Several industries have sprung up from the wreckage of the dead trees -- especially companies dealing with biomass, organic materials used as a renewable heat and/or energy source. Confluence Energy opened a wood-pellet plant in Colorado's High Country two years ago, near the affected forests. The wood pellets, it says, burn cleaner than standard cord wood and use materials that would otherwise end up rotting on the forest floor.

"We are therefore carbon neutral," says a statement on Confluence Energy's website, "allowing you to heat your home or business without emitting carbon that would not otherwise be released. This is a local energy source."

And California-based Cobalt Technologies recently announced a "breakthrough" in producing biobutanol -- an alcohol that, like ethanol, can be blended into gasoline. "Harvesting beetle-killed trees could produce low-carbon fuels and chemicals, establish a foundation for a sustainable biorefinery industry and create jobs, particularly in rural areas, said Cobalt CEO Rick Wilson.

"If we use only half of the 2.3 million acres currently affected in Colorado alone, we could produce over 2 billion gallons of biobutanol -- enough to blend into all the gasoline used in Colorado for six years," Wilson says. The company has also signed a partnership with Colorado State University to test biobutanol's viability in commercial vehicles.

Unique Blue-Tinged Beetle Kill Wood

There's also an artistic side benefit to the pine beetle infestation. The insects infect trees with a fungus that causes a unique blue tinge to develop throughout the wood. And that blue, pine-beetle-kill wood is now coming into demand among homebuilders and furniture craftsmen.

Ron McKey, president of Denver-based Flying Beds, says a growing number of customers are asking for beetle-kill wood to be used in their custom-made furniture. "I have people -- one in New Orleans, in Miami, one in Virginia -- that have all spec'ed [beetle kill pine] into their planning," he says. Just in the past year, blue beetle-kill pine has grown to about 15% of his furniture inventory, McKey says.

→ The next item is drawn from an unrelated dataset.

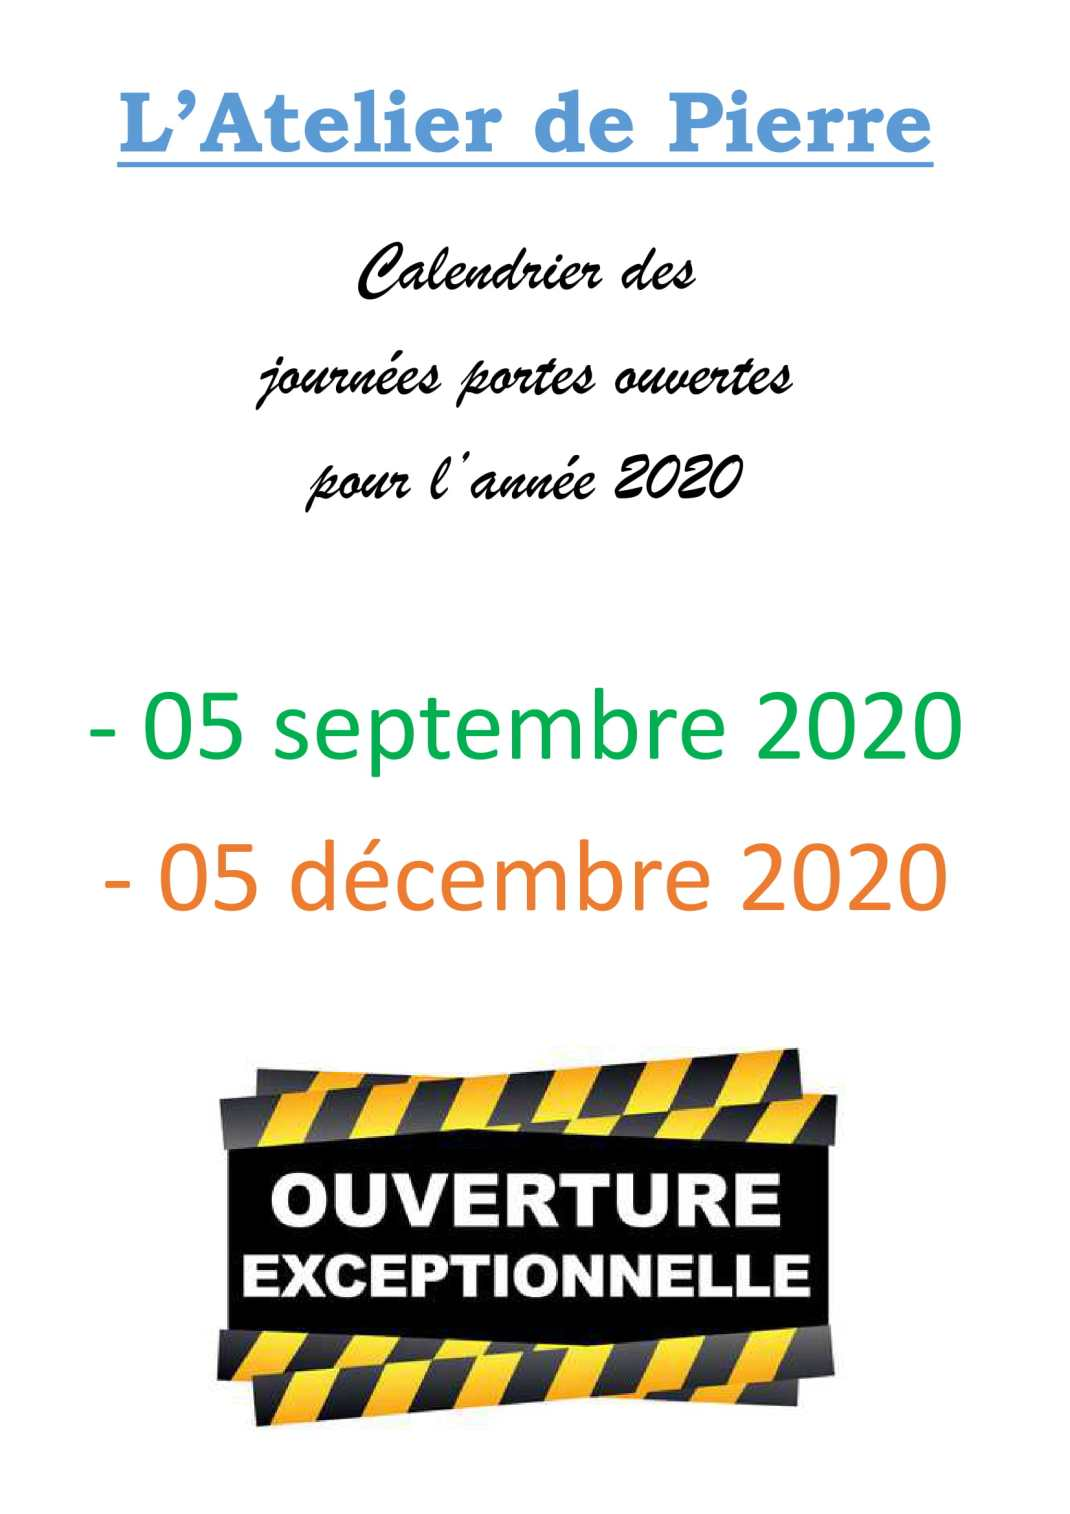 Calendrier jpo 2020 - dernière version.pub-1

The mountain pine beetle infestation is a unique event, and not at all comparable to what has happened in Tennessee or along the Gulf Coast. But Lorne Curl has some advice for companies and businesses affected by these disasters. "They need to very quickly come up with a system of private and public partnerships that work together outside of the conventional limitation of civil partnerships," he says.

Curl points to the motto of his association: "We must become greater than the sum of our parts."